_Information supplied_.
##############################
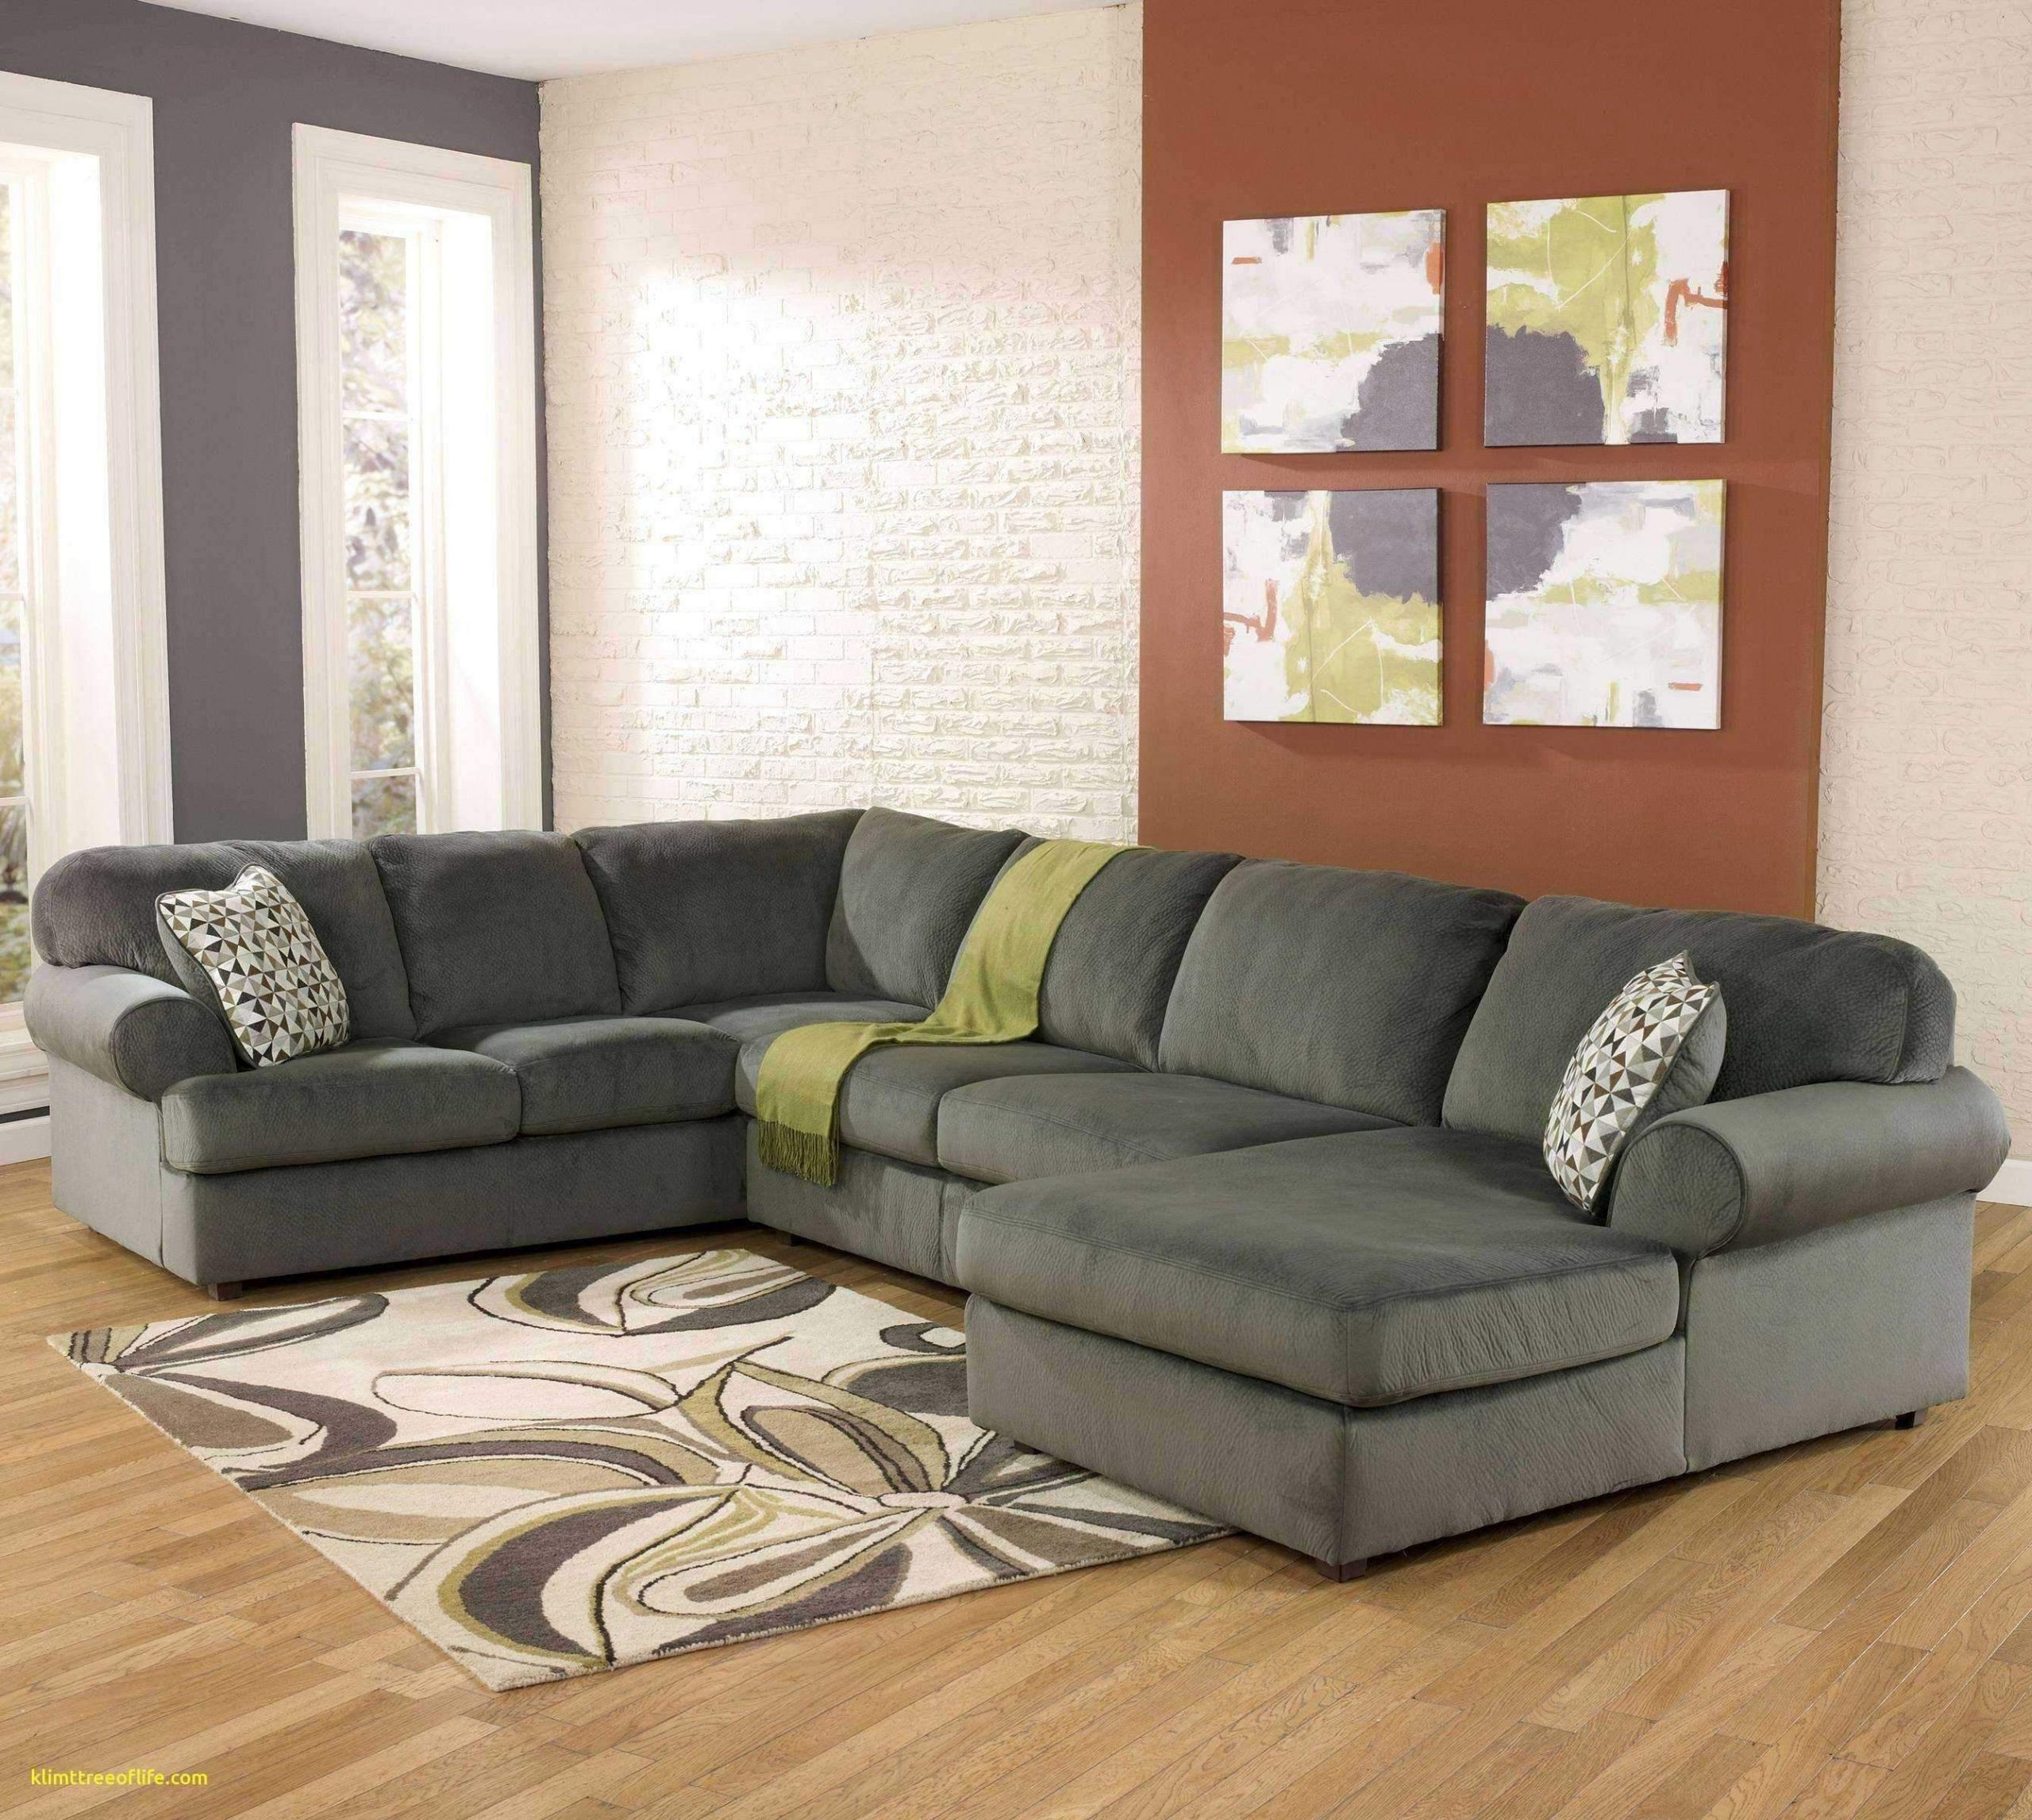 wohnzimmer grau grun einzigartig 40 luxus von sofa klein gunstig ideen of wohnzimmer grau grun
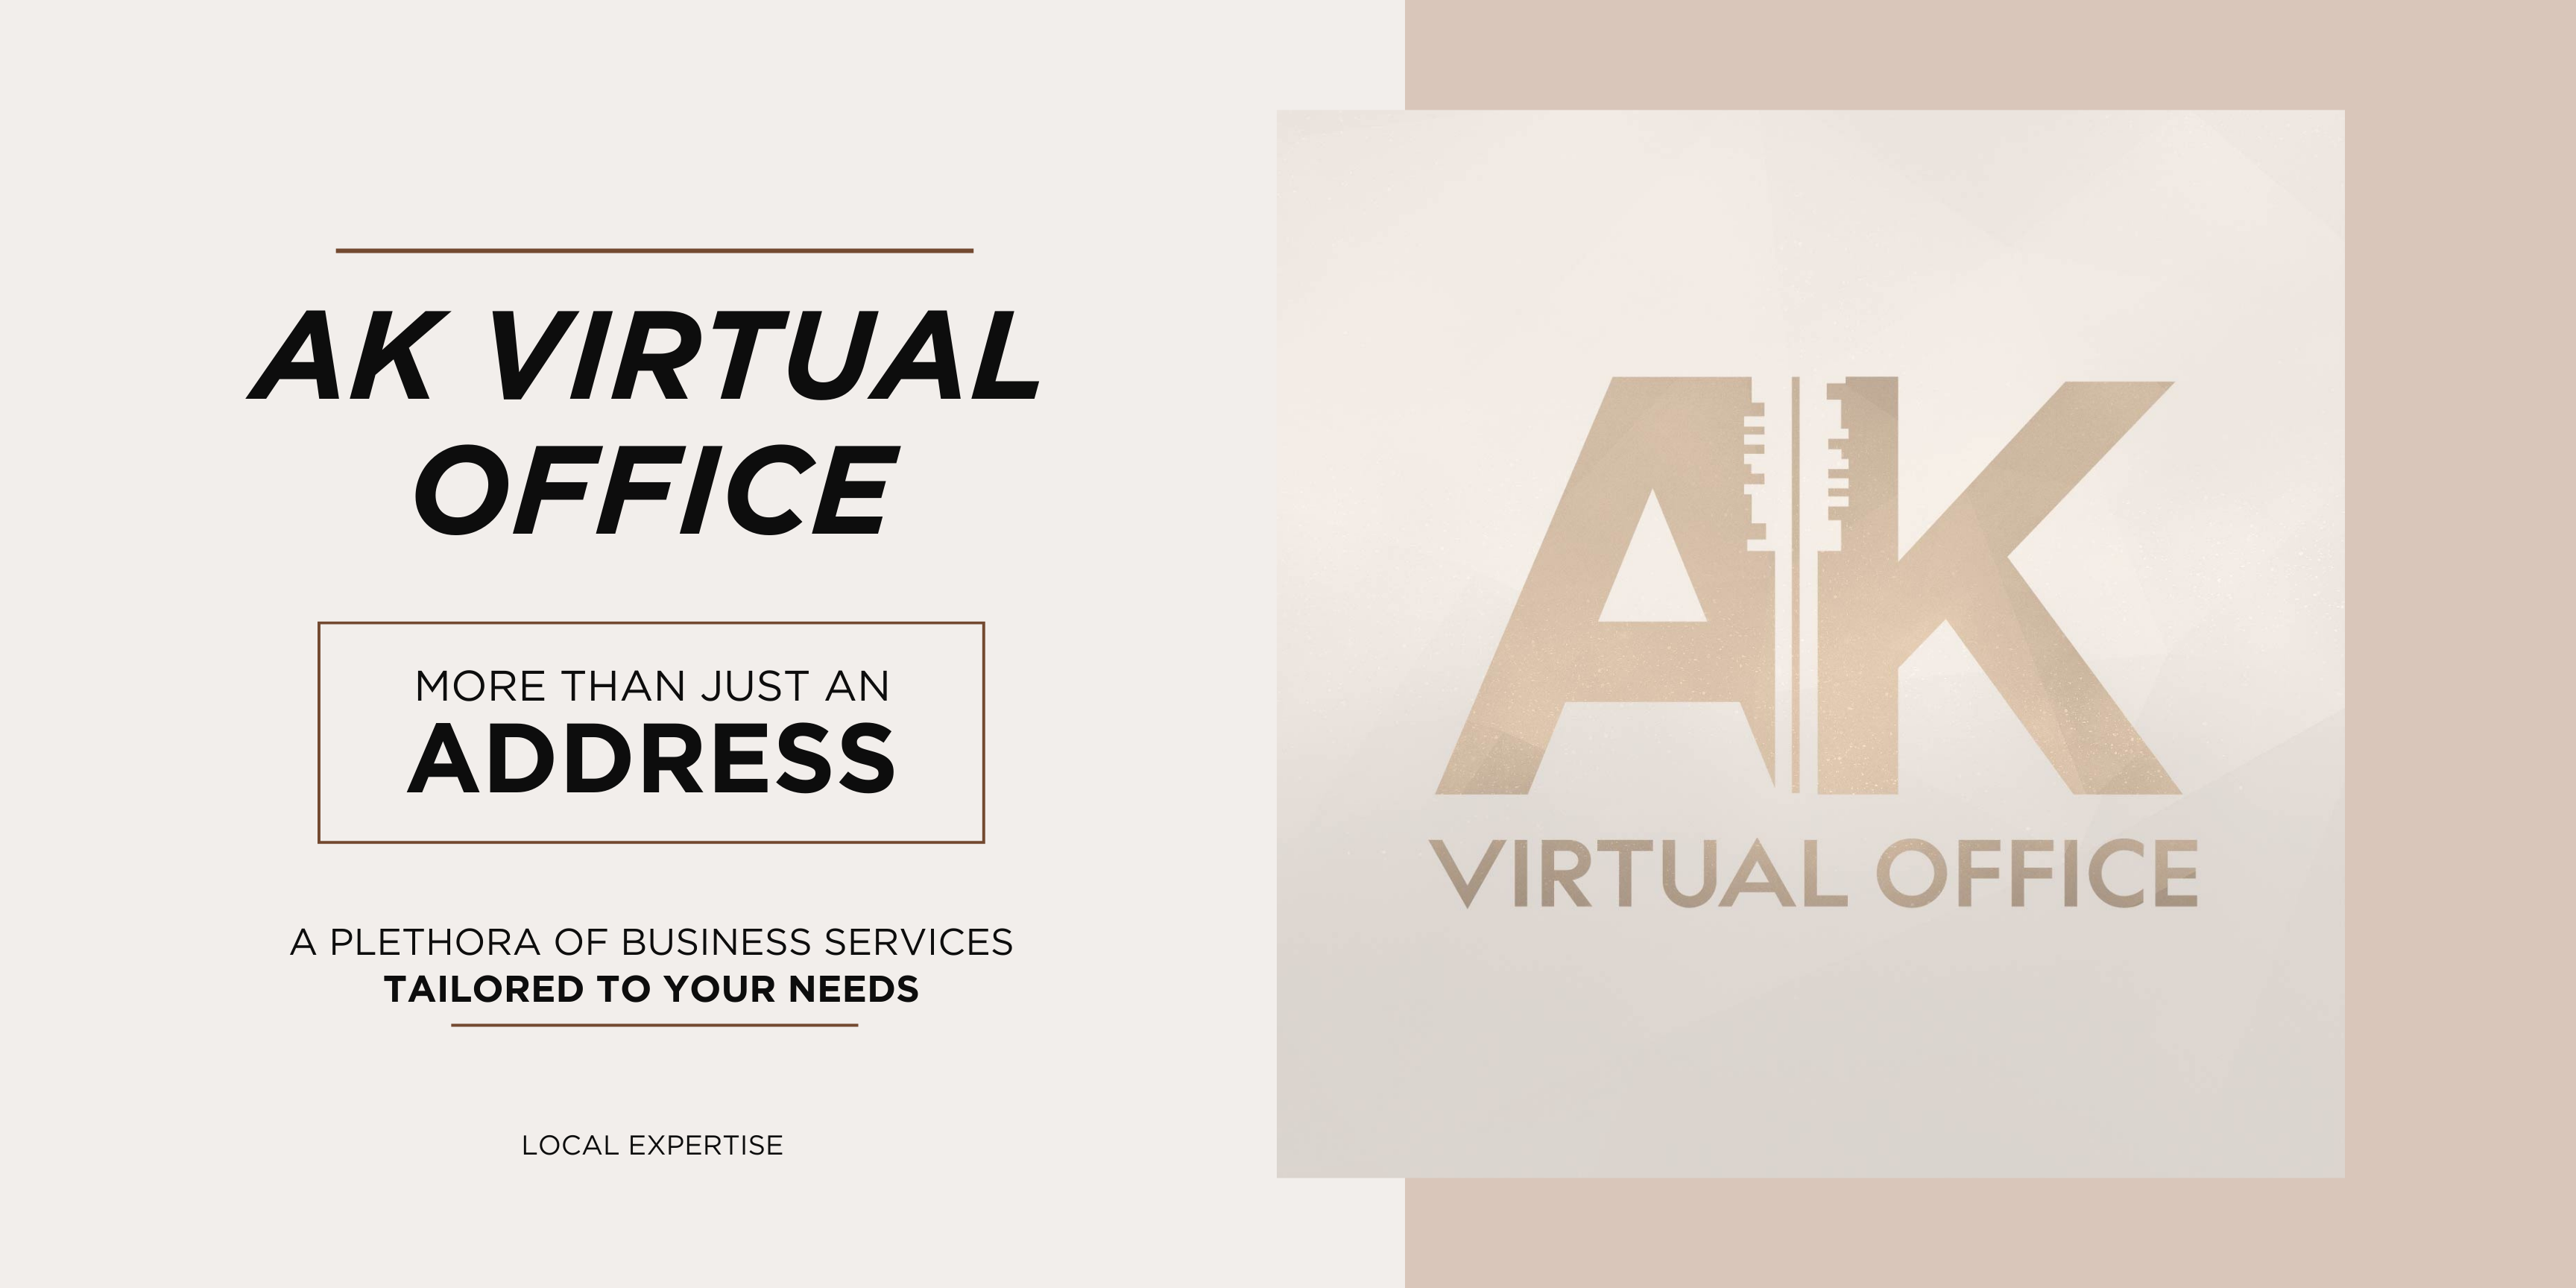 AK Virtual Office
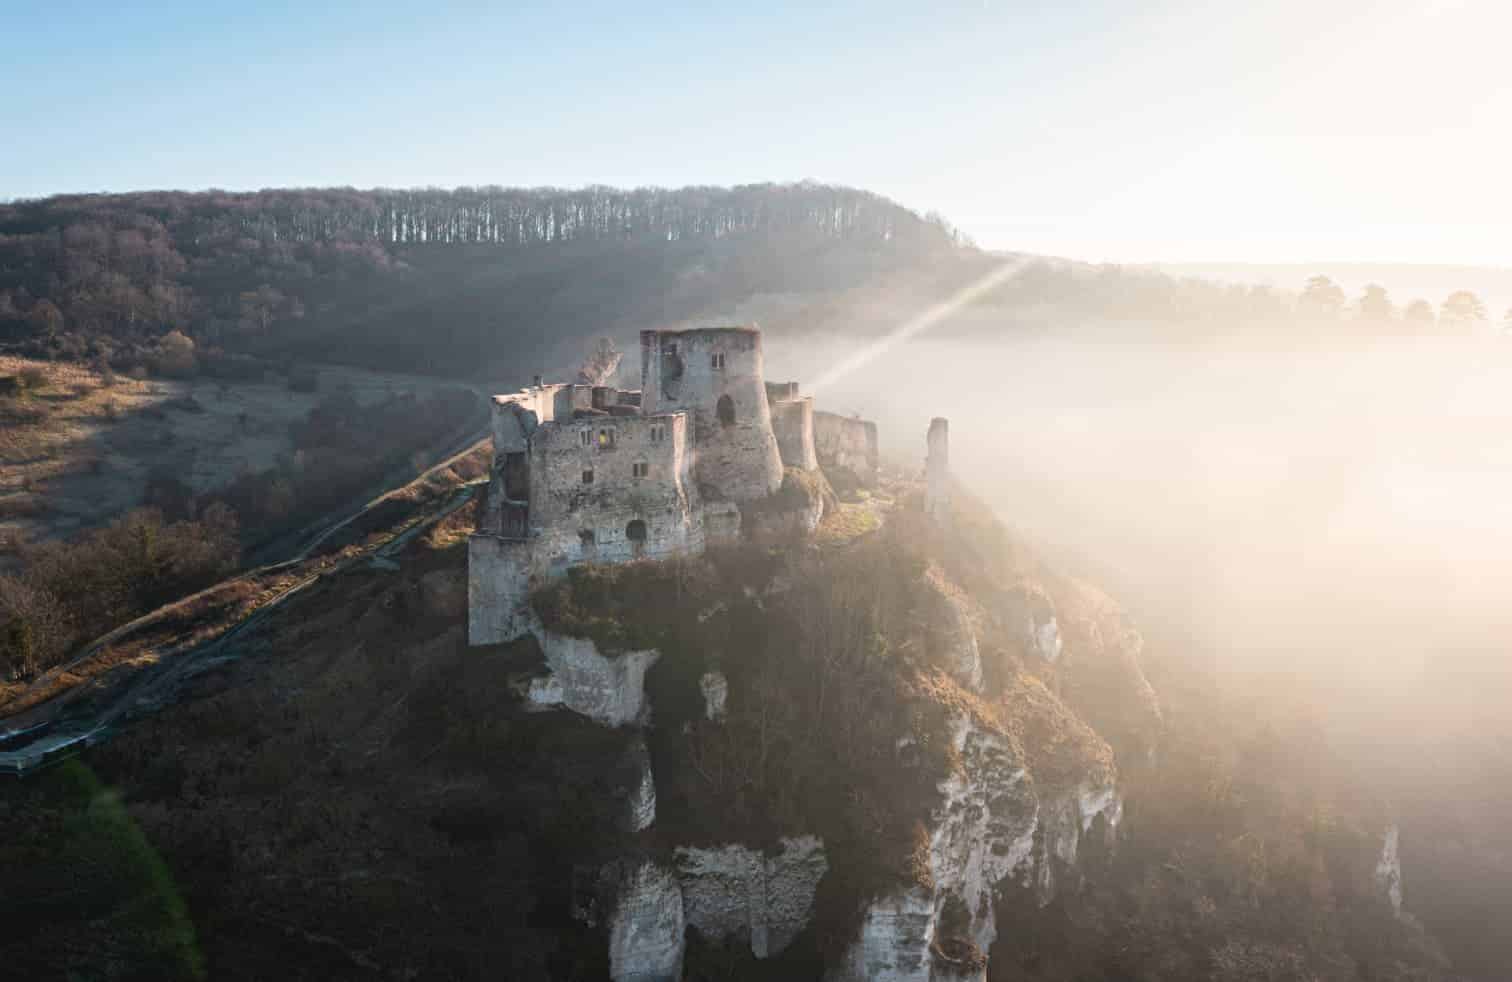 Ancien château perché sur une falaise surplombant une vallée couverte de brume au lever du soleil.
##############################
_Instructions to follow_. Please set down each line of the listing above word for word, skipping any pictures.

_Final answer_.
 wohnzimmer grau grun einzigartig 40 luxus von sofa klein gunstig ideen of wohnzimmer grau grun
 AK Virtual Office
 Ancien château perché sur une falaise surplombant une vallée couverte de brume au lever du soleil.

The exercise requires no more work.